Backwards and Forwards with the Atomic Priesthood

Dennis Duncan

It’s always nice to present a challenge to that frustrating binarism that seeks to separate science from the humanities, and after last month’s article on literary Darwinism, I’m happy to throw out another of these pleasantly inclusive phrases: nuclear semiotics. It’s a term that has been in use for a couple of decades now, and it represents the fact that since the early 1980s, figures in the nuclear industry have become extremely interested in the science of signs. Specifically they are interested in how best to signify that those sites where nuclear waste is buried underground represent catastrophic radiation risks if tampered with. The problem, of course, is that the risk which these sites present is one which endures into the almost unimaginable future. How do you write ‘Don’t dig here’ in a format which will still be meaningful in hundreds of thousands of years – far, far longer than the lifespan of any language we know? In addressing this question, nuclear semiotics sits as a rather pragmatic adjunct to ecocriticism, one that’s in bed with exactly the type of business which the environmental movement considers with extreme suspicion.

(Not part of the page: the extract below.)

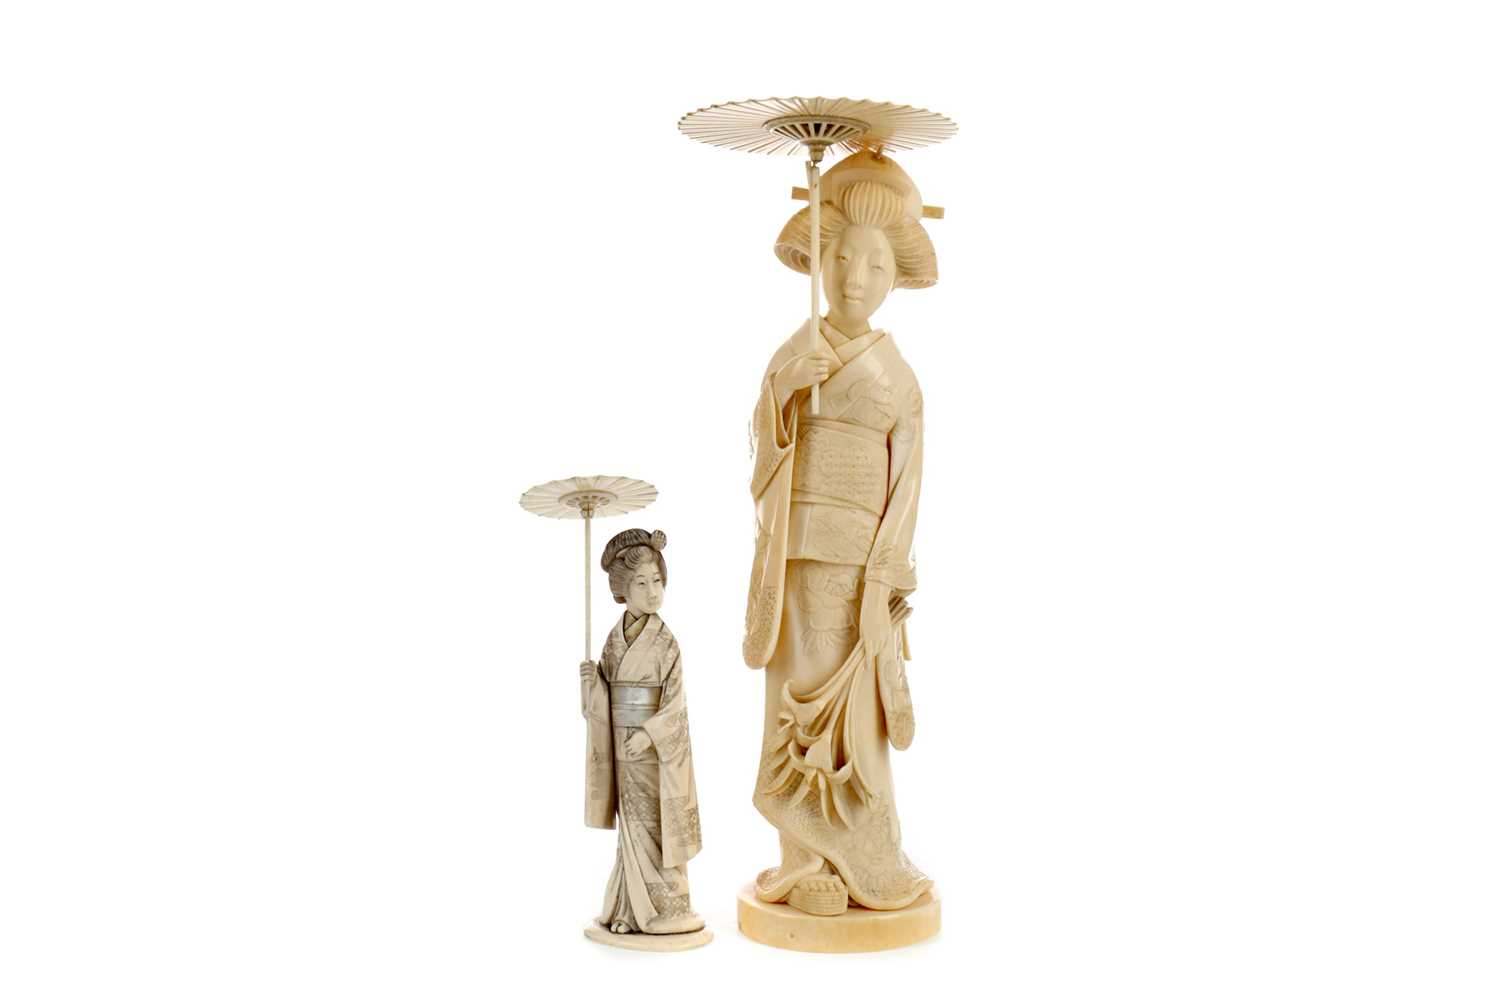 Lot 885 - AN EARLY 20TH CENTURY JAPANESE CARVING OF A GEISHA AND ANOTHER

The foundational statement for nuclear semiotics is the 1984 paper ‘Communication Measures to Bridge Ten Millennia’, a rather extraordinary and highly readable document, commissioned by the US Office of Nuclear Waste Isolation and produced by Thomas Sebeok, the pre-eminent academic semiotician in the US. ‘Communication Measures’ comes in strikingly official covers, with a reassuring stamp informing us that, as of 2006, this information is ‘publicly releasable’. The content, however, is anything but the dry officialese we might therefore expect. Sebeok offers a brief and very good introduction to semiotics, a discussion of German Expressionist painting, some grumbling about mistranslations of Hesiod, finally arriving in the last few pages at his main hypothesis: how a message might be passed on for 10,000 years. Before we come to this, however, a little groundwork will be necessary, and this is where contemporary literature comes in, since by looking at a number of recent editions of the Bible – Manga Bibles, slang Bibles, etc. – we can see exactly those features which Sebeok felt were most likely to enable a message to circulate several millennia after its original composition.

How should we signify sites where nuclear waste is buried in a format which will still be meaningful in hundreds of thousands of years? [Image by Tim Collins under a CC-BY license]

One of the notable things about Bible translation is its complex and shifting relationship to re-translation. Retranslation, as a rule, is something that we’re not particularly comfortable with today, not just with the Bible, but in general: it’s usually considered to be a practice best avoided, useful only in special circumstances such as the translation of a so-called ‘minor’ language text into another minor language, using a major language as an intermediary. But this discomfort only makes itself felt at certain historical moments. It is apparently not there, for example, in the late ninth century when King Alfred is intensely relaxed about the way that the scriptures trace a path from Hebrew through Greek then Latin into contemporary languages:

Then I remembered how the law was first known in Hebrew, and again, when the Greeks had learnt it, they translated the whole of it into their own language, and all other books besides. And again the Romans, when they had learnt it, they translated the whole of it from learned interpreters into their own language. And also all other Christian nations translated a part of them into their own language. (5-6)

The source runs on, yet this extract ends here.